A breakdown of the exceptional items included in the profit and loss for the year is disclosed in note 11.
Hyperinflation
The Group exercises significant judgement in determining the onset of hyperinflation in countries in which it operates and whether the functional currency of its subsidiaries, associates or joint ventures is the currency of a hyperinflationary economy.
In making this assessment, various characteristics of the economic environment of each country are taken into account. These characteristics include, but are not limited to, whether:
- The general population prefers to keep its wealth in nonmonetary assets or in a relatively stable foreign currency.
- Prices are quoted in a relatively stable foreign currency.
- Sales or purchase prices take expected losses of purchasing power during a short credit period into account.
- Interest rates, wages and prices are linked to a price index.

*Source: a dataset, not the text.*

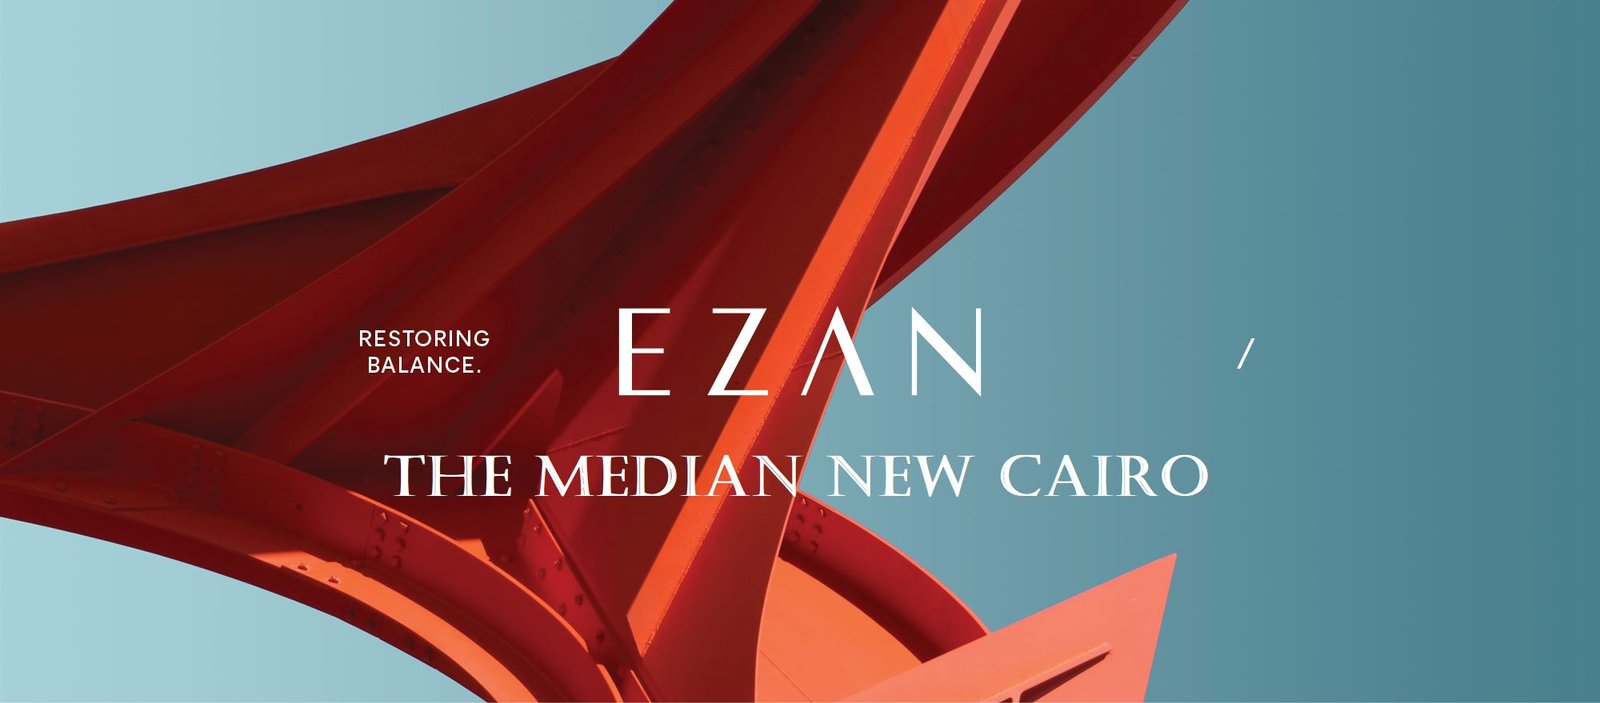 The Median New Cairo

- The cumulative inflation rate over three years is approaching, or exceeds, 100%.
Following management’s assessment, the Group’s subsidiaries with functional currencies as Malawian Kwacha, have been accounted for as entities operating in hyperinflationary economies, accordingly, their results, cash flows and financial positions have been expressed in terms of the measuring units current at the reporting date. Refer to note 5(g).
Further, the group remains vigilant on the cumulative inflation rates in other economies in which it operates to evaluate whether they classify as hyperinflationary economies. Based on the available information, the Group concluded that no other economy, including Nigeria, in which the Group operates, currently classifies as hyperinflationary economy.